Et puis, comme si notre envoûtement n’avait pas déjà été à son comble et comme si l’on croyait avoir fait le tour des notes, Madjid Khaladj  mit de côté le Tombak pour nous initier aux sons surprenants du Daf (tambour mystique sur cadre).

 Minute après minute, l’enchanteur nous fit voyager aux rythmes et aux sons définitivement mystiques du Daf, rappelant étrangement le bruit du vent balayant le sable du désert. Tour a tour, il enroula et glissa ses notes dans les cordes perçantes du Kamancheh pour nous transporter dans un Iran au folklore révolu.

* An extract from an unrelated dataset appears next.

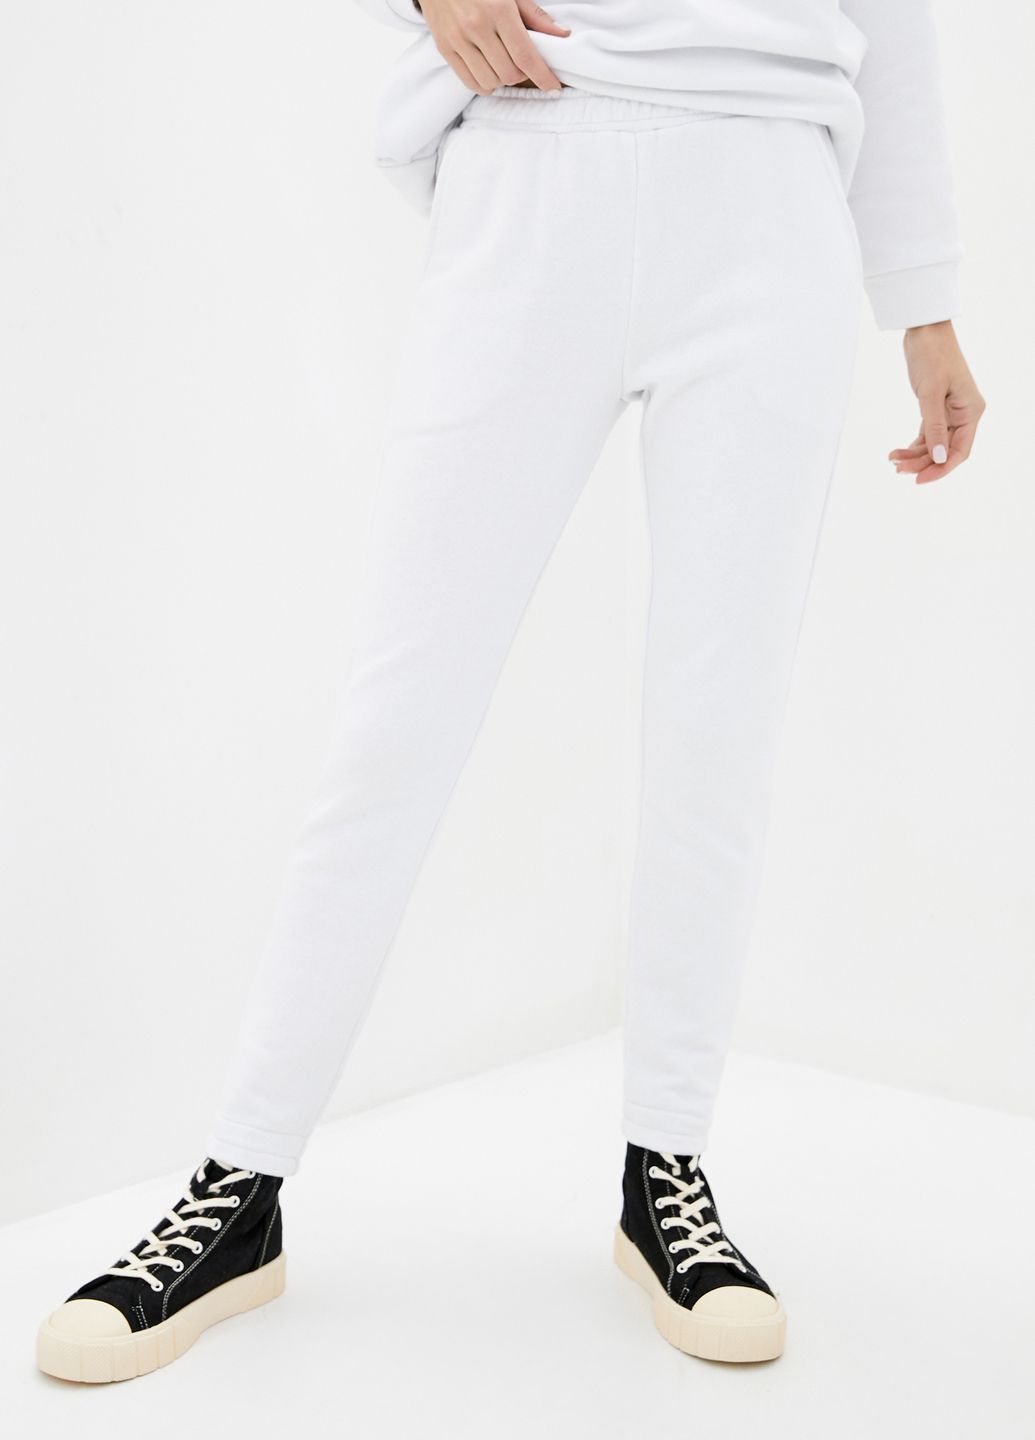 Купить Спортивные штаны женские Merlini Мадрид 600000047 - Белый, 42-44 в интернет-магазине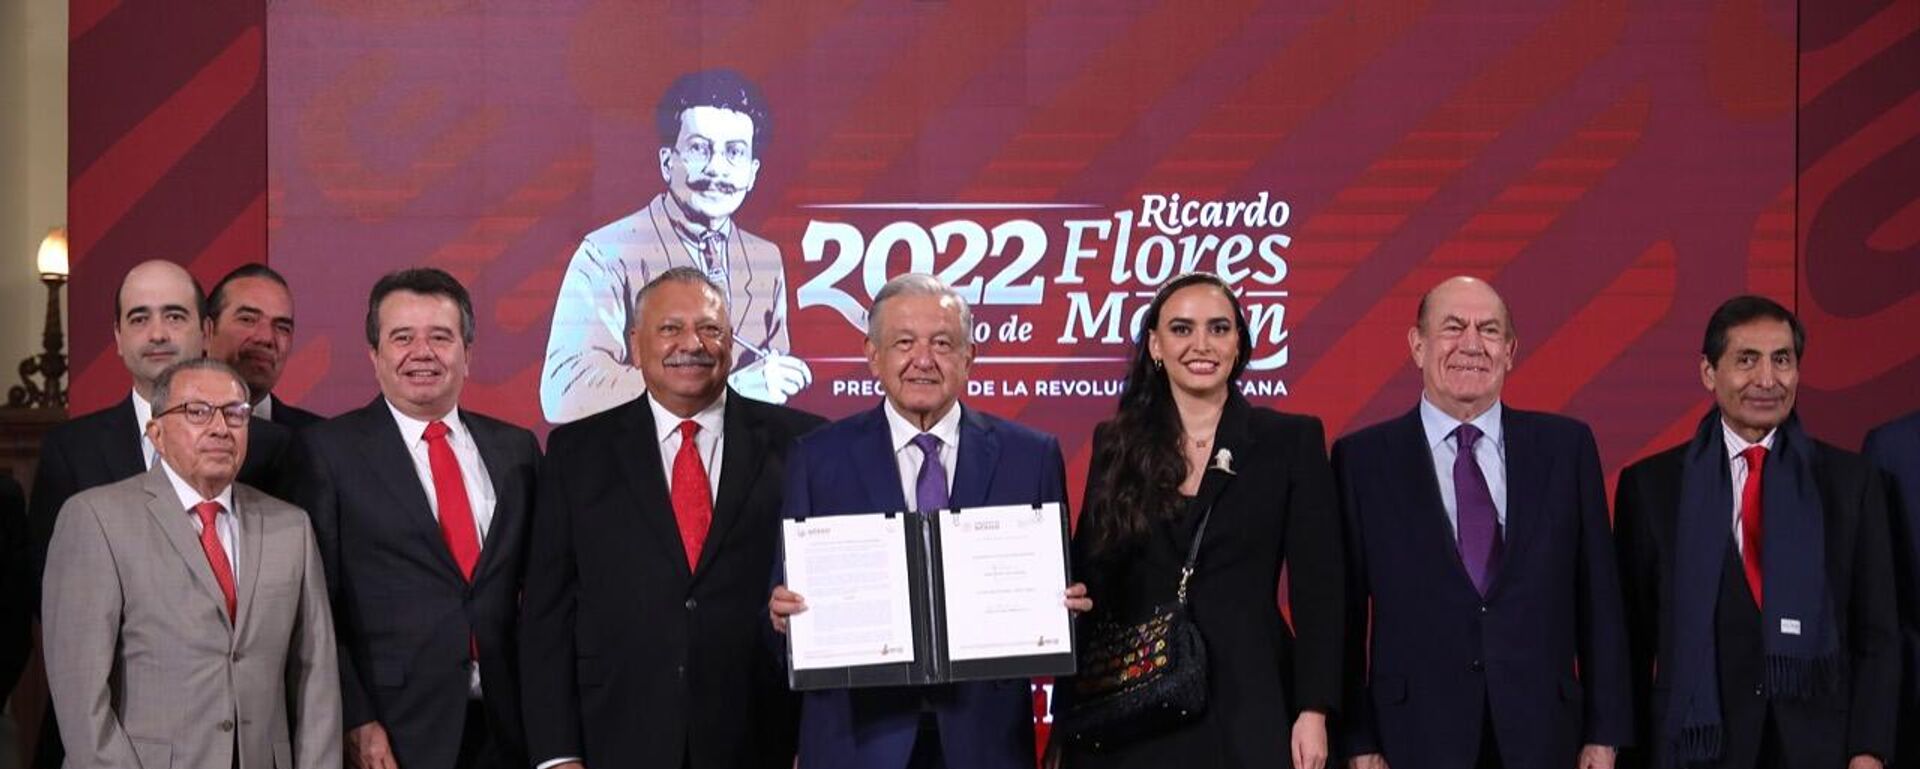 Andrés Manuel López Obrador, presidente de México, firma un Acuerdo de Apertura contra Inflación y Carestía con los empresarios del país - Sputnik Mundo, 1920, 03.10.2022

 Et puis, la frénésie des rythmes s’estompa pour laisser place au calme poétique des débuts. Le son étouffé du Daf s’évapora dans l’air pour permettre à la plainte mélancolique du Kamancheh de reprendre le dessus. Si Madjid Kaladj semblait dans un premier temps écouter paisiblement son complice, il nous surprit une fois de plus, en portant à ses doigts un nouvel instrument: des Zang-é Saringoshti (cymbalettes à doigts).

 

Le tintement si délicat des cymbalettes associé à la douce mélodie des cordes orientales replongea le public dans la sérénité des débuts mais à la seule différence qu’elle annoncait la fin imminente du récit. Et puis, l’état de grâce fut atteint, lorsque sortie de nulle part, la voix de Kayhan Kalhor se mit à accompagner les instruments. La voix empreinte de gravité nous transporta dans un univers teinté d’une nostalgie si caractéristique de la musique iranienne. Le concert s’acheva sous les ovations d’un public debout et conquis.

Tout au long du concert, les deux musiciens ou plutôt les deux magiciens, ne cessèrent de nous surprendre. Dialoguant  l’un avec l’autre dans un respect absolu et avec une maîtrise à couper le souffle, Kayhan Kalhor et Madjid Kaladj nous proposèrent une gamme inimaginable de sons étrangers à nos oreilles occidentales.

L’espace Senghor offrit ainsi aux bruxellois un évènement inédit en programmant les Maîtres incontestés de la musique traditionnelle persane, dont le talent et le savoir-faire nous ont envôutés le temps d’une soirée, tout simplement magique.